Denis and Alastair had lost touch for over 30 years. AROnline did our Cilla Black routine and put them together. It really was a case of light the blue touch paper and retire... wonderful stuff!
Denis and Alastair had lost touch for over 30 years. AROnline did a Surprise Surprise
routine and put them together again – it really was a case of light the blue touch paper and
retire… Wonderful, emotive stuff! (Photo: Jacky Lawler)

Time was also spent chatting to some of the exhibitors running the stalls in the Autojumble and Classic Trader Village, too – there were one or two who sadly seem to thrive on charging ridiculous prices for sub-standard tripe but, on balance, most of them were lovely folk driven by the buzz and the feeling in the air. I even managed to source the correct period brochure for my project MintEgo. Every corner and every hall just oozed a love for our rich motoring past and I am proud to have met and chatted to friends old and new about topics so amazingly varied. In my own experience, this year was, for me, not about the cars but more about the men and women behind them. It was the best show yet!
Finally, of course, there are the AROnline readers and fans like yourselves. Thanks to the readers who, after noting my press pass, said hello and gave praise and admiration for the site. It is, after all, your interest and comments that drives us all forward along with the passion you share with us all. The Vice-President of the MG Car Club expressed the wish to see more anecdotal stuff involving my own experiences from the showroom and workshop – to you, Sir, consider that in the pipeline. Oh, and by the way, the Naylor name lives in the form of the still-thriving Naylor Brothers Restorations business based in Shipley, West Yorkshire.

You will find much more about Naylor Cars plc on AROnline in the near future…

Mike Humble

Upon leaving school, Mike was destined to work on the Railway but cars were his first love. An apprenticeship in a large family Ford dealer was his first forray into the dark and seedy world of the motor trade.

Moving on to Rover and then PSV / HGV, he has circumnavigated most departments of dealerships including parts, service and latterly - the showroom. Mike has owned all sorts of rubbish from Lada to Leyland and also holds both Heavy Goods & Public Service Vehicle licences, he buys & sells buses and coaches during the week. Mike runs his own automotive web site and writes for a number of motoring or commercial vehicle themed publications

6 Comments

  1. So very true Mike! And it is indeed where most of my time at the show passed – getting in touch with people I do only see ever so often and putting names to faces new and old. And not to be forgotten getting to meet you in person for the first time.

  2. Nice write-up, Mike, and also great to hear that you had the chance to reminisce with both Kevin and Denis. Both are still very passionate about their former lives working at Longbridge and still have some interesting stories to tell and facts to share. I must admit I have not seen Kevin since his days at Longbridge and hope our paths will cross one day.

    Judging by the photos he doesn’t seem to have aged in all that time!

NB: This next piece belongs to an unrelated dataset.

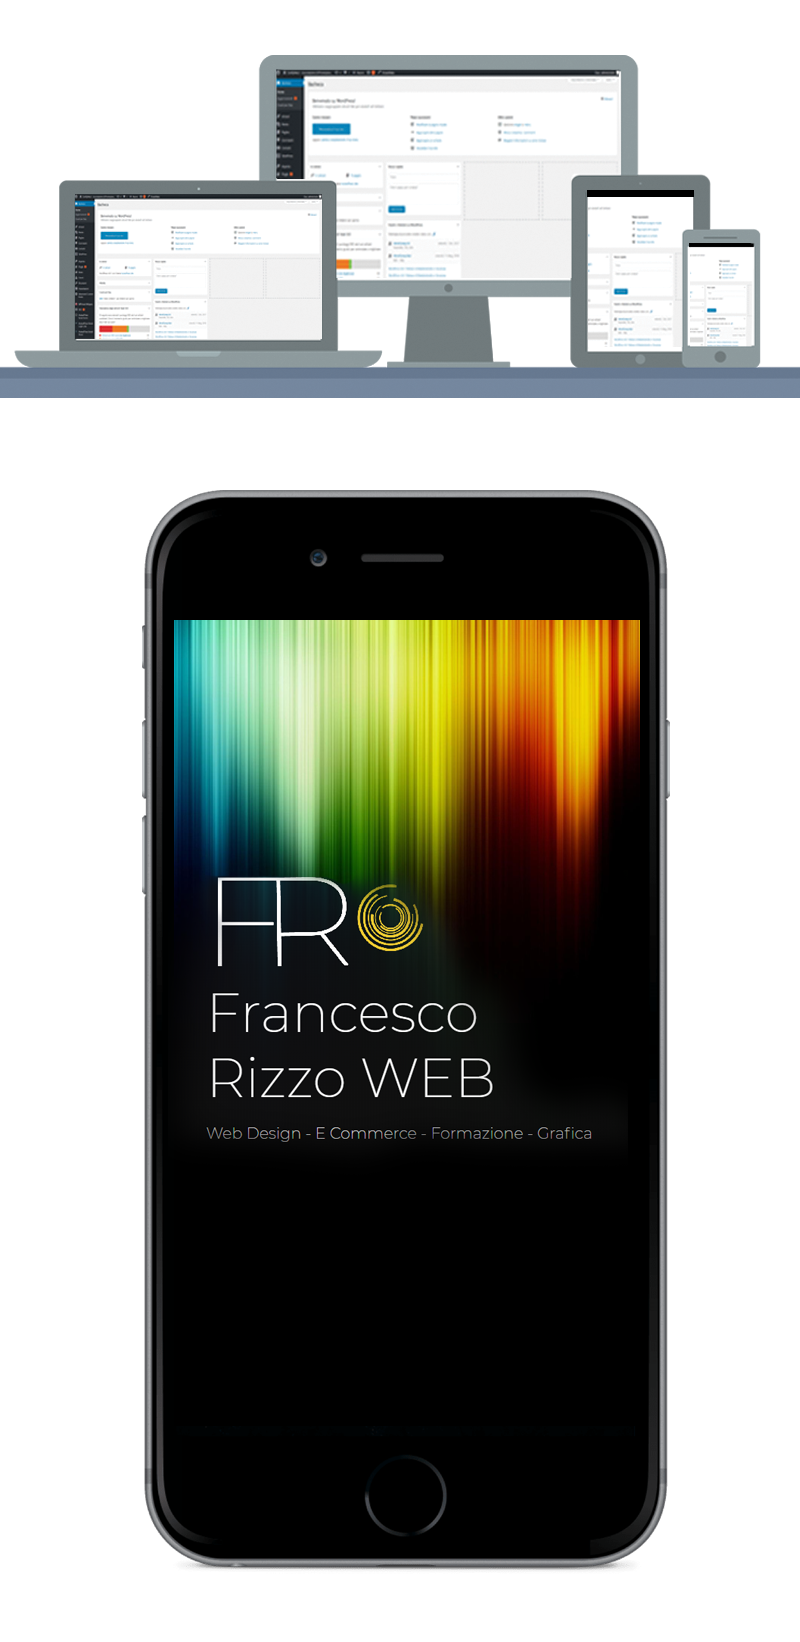 Francesco Rizzo Web Design

    Sorry we did not meet up Mike although I did bump into Keith and we had a brief chat.

  3. Always good to catch up with old colleagues, aquaintances and personality’s for a good “chinwag” at events like this. Sounds like you had a spiffing time Mike…
    and that Naylor TF1700 looks glorious.

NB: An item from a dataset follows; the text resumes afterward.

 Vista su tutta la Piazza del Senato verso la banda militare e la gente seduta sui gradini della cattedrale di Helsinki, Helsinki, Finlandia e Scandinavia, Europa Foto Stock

  4. I spent a highly enjoyable 6 hours at the show on Sunday, briefly bumping into Keith and saying hello. Oddly I am amazed at both how much I saw and at how much I missed!

  5. Did Mike see the mint 5000 mile Allegro ? A real Rip Van Winkle of a car. And of course there were three of the BL 1800 “Wedges” there, in all their guises, (Austin, Morris, and Wolseley).

    I remember some time in the mid-seventies coming across a convoy of these on the Abingdon Bypass, presumably fresh off the Cowley production line.

    In the 70s I was on motorbikes so didn’t drive many cars, only the Austin 1100. I think most people who lived in Birmingham in those days drove Minis or 1100/1300s. A very good car was the 1100 from a driving and handling point of view. As we all know rust killed them all off, but I managed to catch my second 1100 with Waxoyl before it got too established.